Bioinformatic methods

Bioinformatics analysis and integration of all data set into a model

For each next generation sequencing analysis, we are doing the following: quality check and cleaning of the reads with FastQC (1) and cutadapt (2) programs followed by alignment of the reads to TAIR 10 genome ( )

using TopHat2 (3) and Bowtie2 (4) for RNA-seq and edgeR (5) and/or DEseq2 (6) packages in R program for ChIP-seq.

Peak calling of ChIP-seq data are done using MACS2 (7) program and association of peaks to genes are done with BEDTools program (8).  Peak pattern are analyzed using deeptools 2.0 program (9). Statistically significant changes in peak pattern between the genotypes are analyzed using the edgeR package algorithm.

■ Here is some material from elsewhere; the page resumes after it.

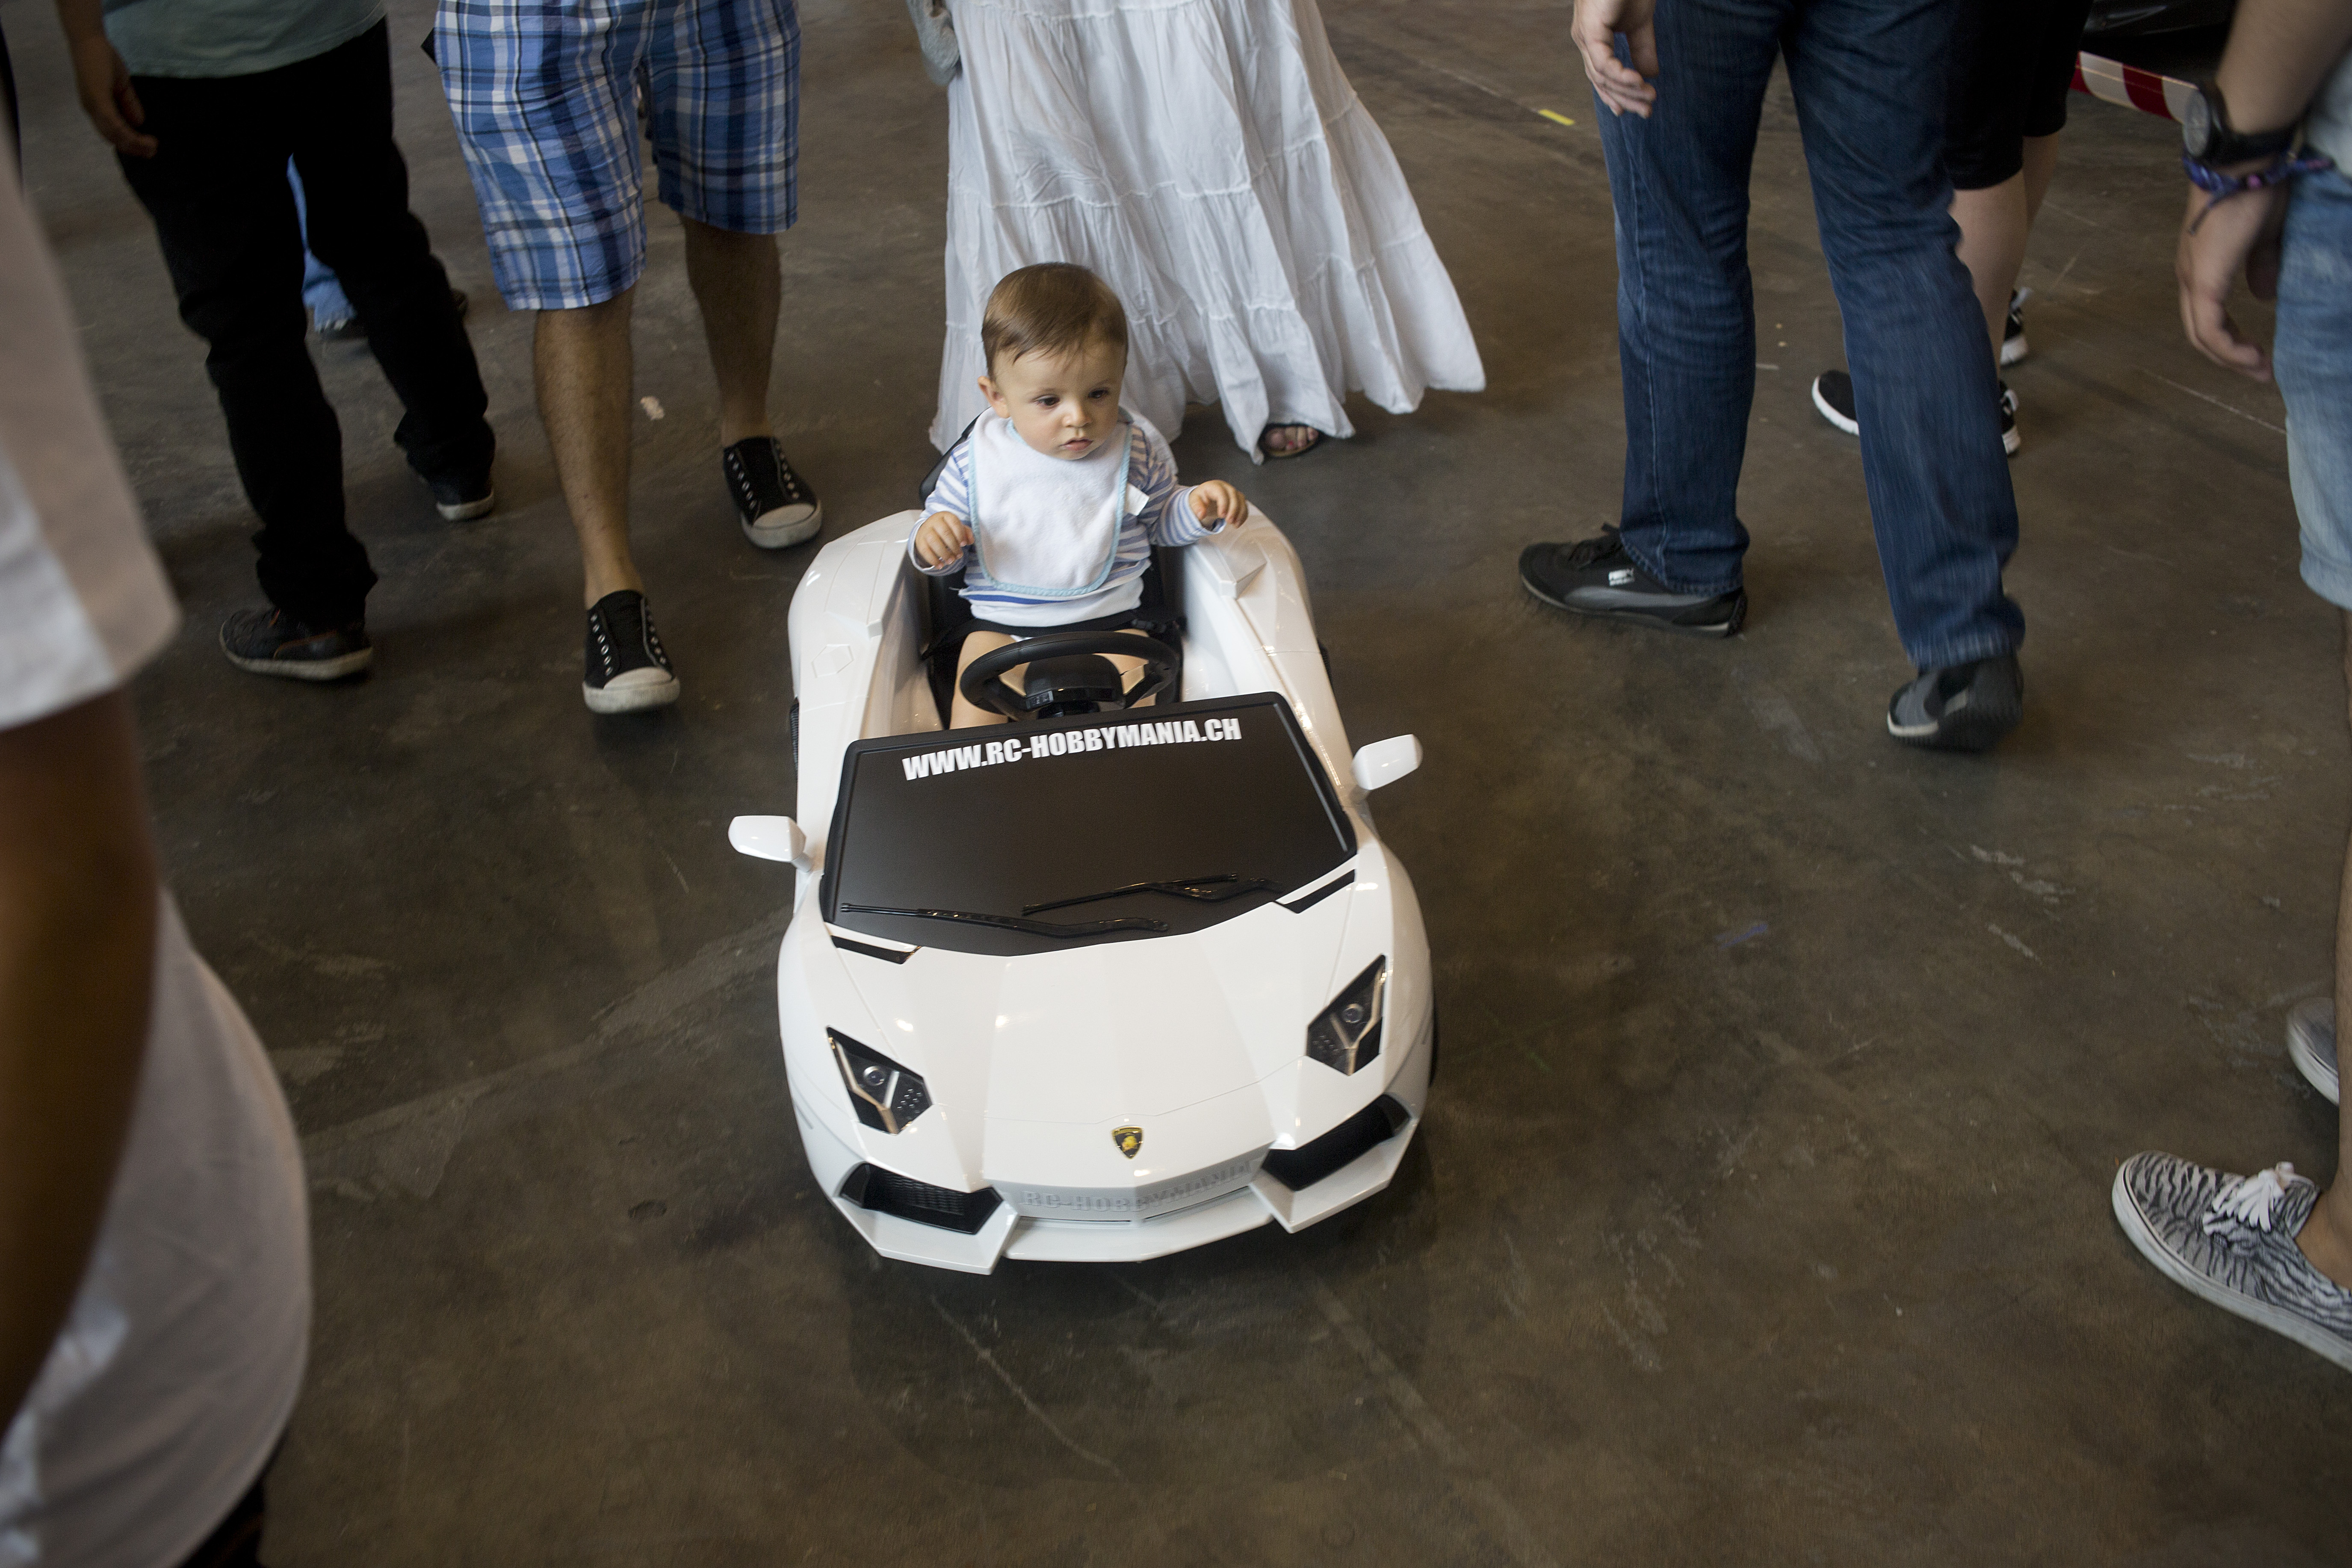 A baby in a toy car

For visualization of the data we are using IGV (10).

For mRNA-seq:

To obtain a broad view on the differences between the transcripts profiles of two different samples, a Principal Component Analysis (PCA) is conducted

For example when we compered callus and Leaves mRNA-seq in three replicates preforming the PCA samples profiles could be clearly distinguished (see in the attached file)

To do Gene Ontology analysis we are using the BiNGO application on Cytoscape platform (11)

Constructing a model for epigenetics marks regulating transcriptional states.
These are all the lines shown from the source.